### THE PROBLEM
Your copy must hold all of the data below, unchanged and without images.

### INFORMATION SHOWN
++++++++++

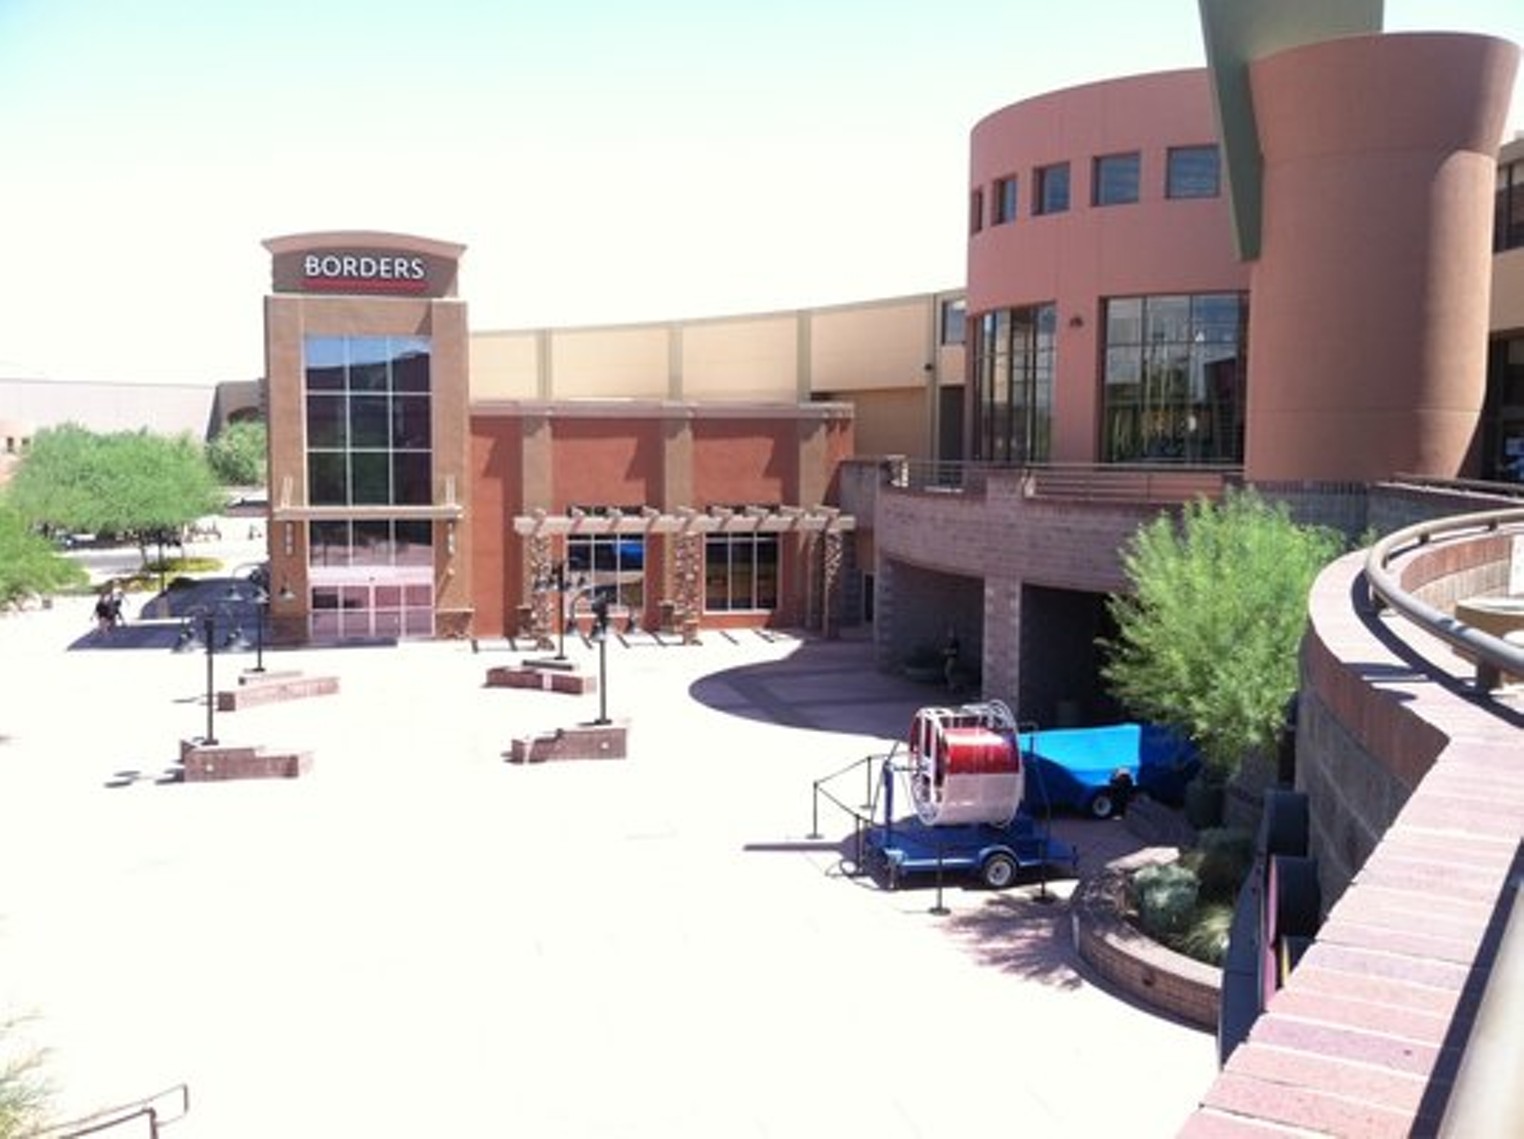 Superstition Springs Mall, Malls and Retail Wiki
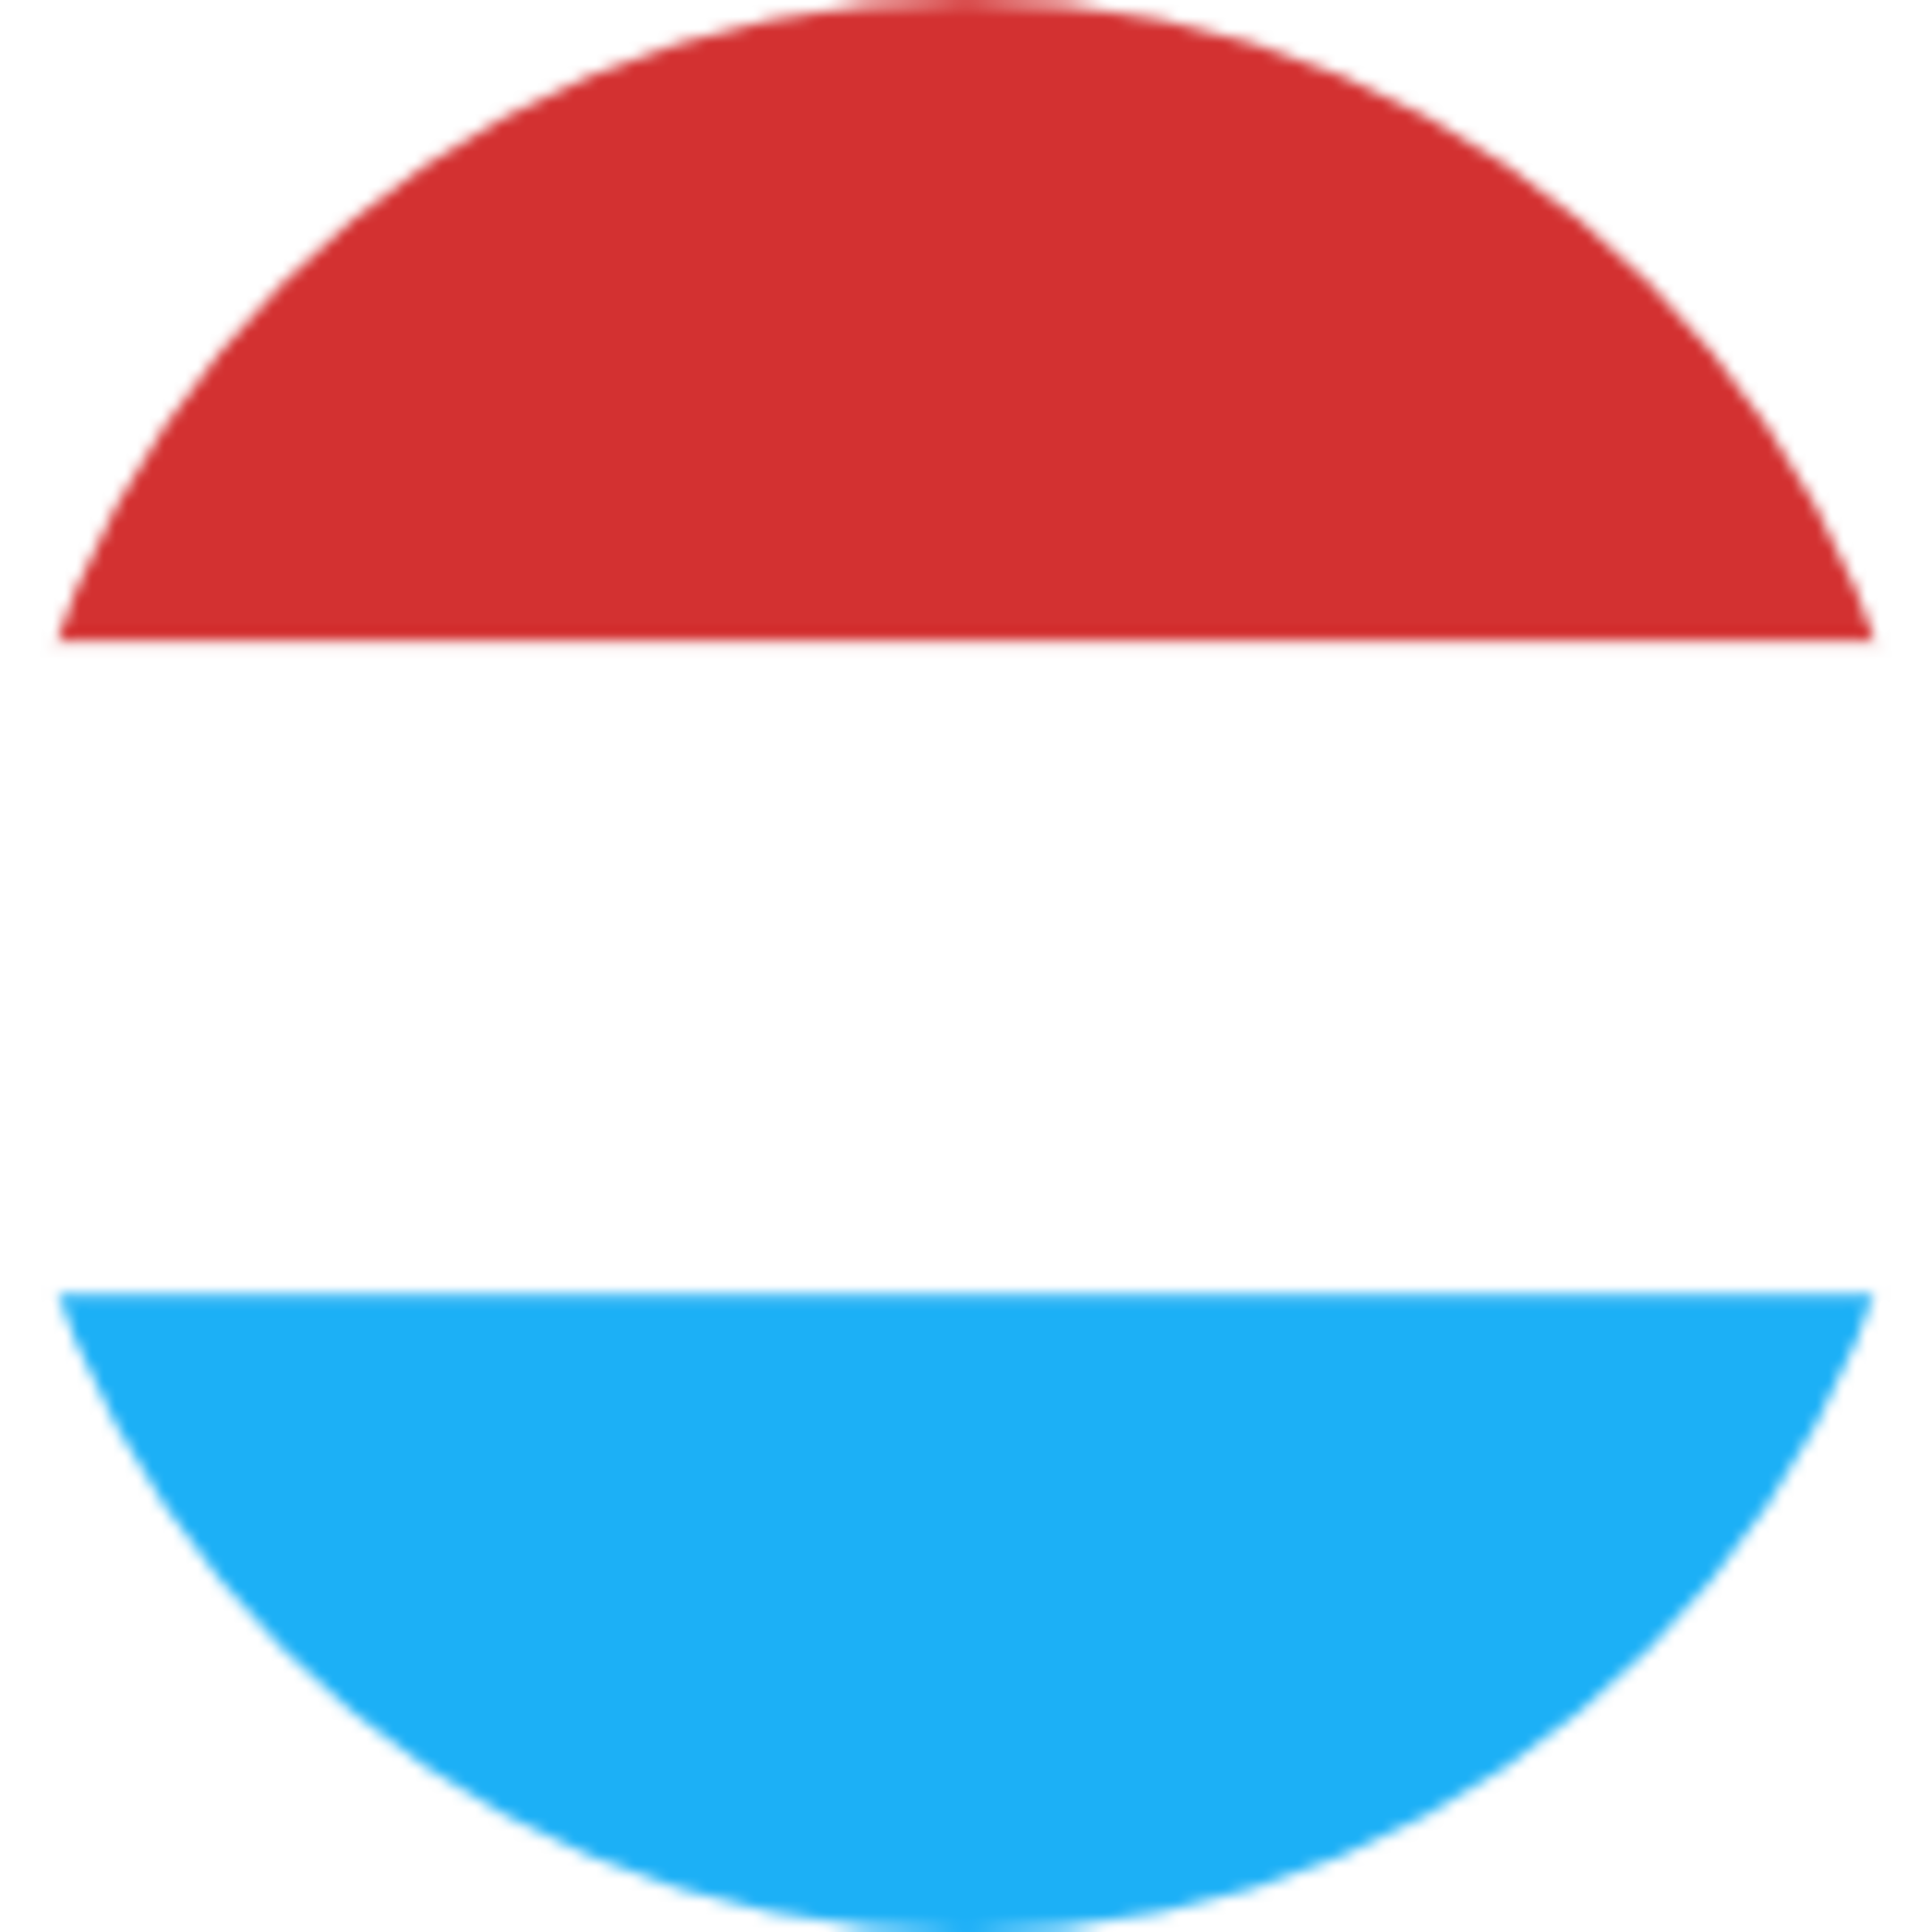 Luxembourg Flag Graphic
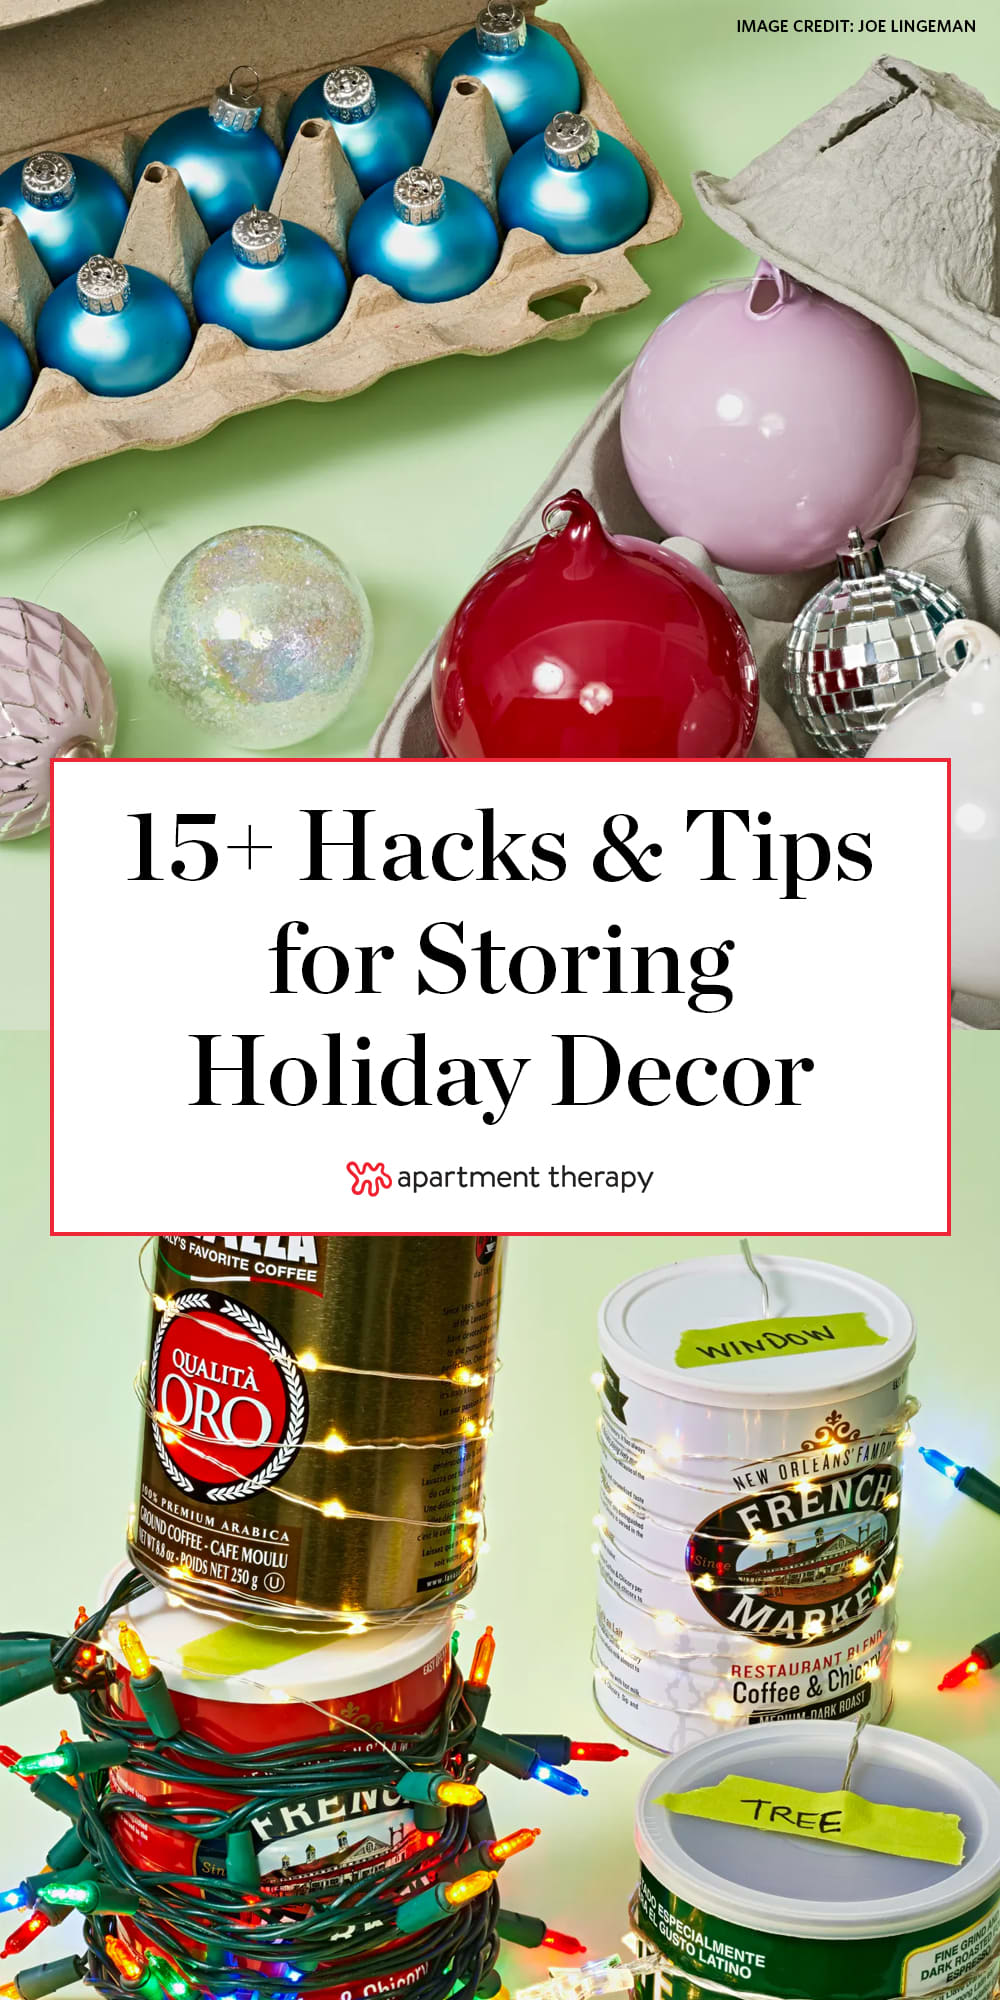 Organize Your Christmas Ornaments with These Clever Storage Ideas

++++++++++

### REPLY TO THE TASK
 Superstition Springs Mall, Malls and Retail Wiki
 Luxembourg Flag Graphic
 Organize Your Christmas Ornaments with These Clever Storage Ideas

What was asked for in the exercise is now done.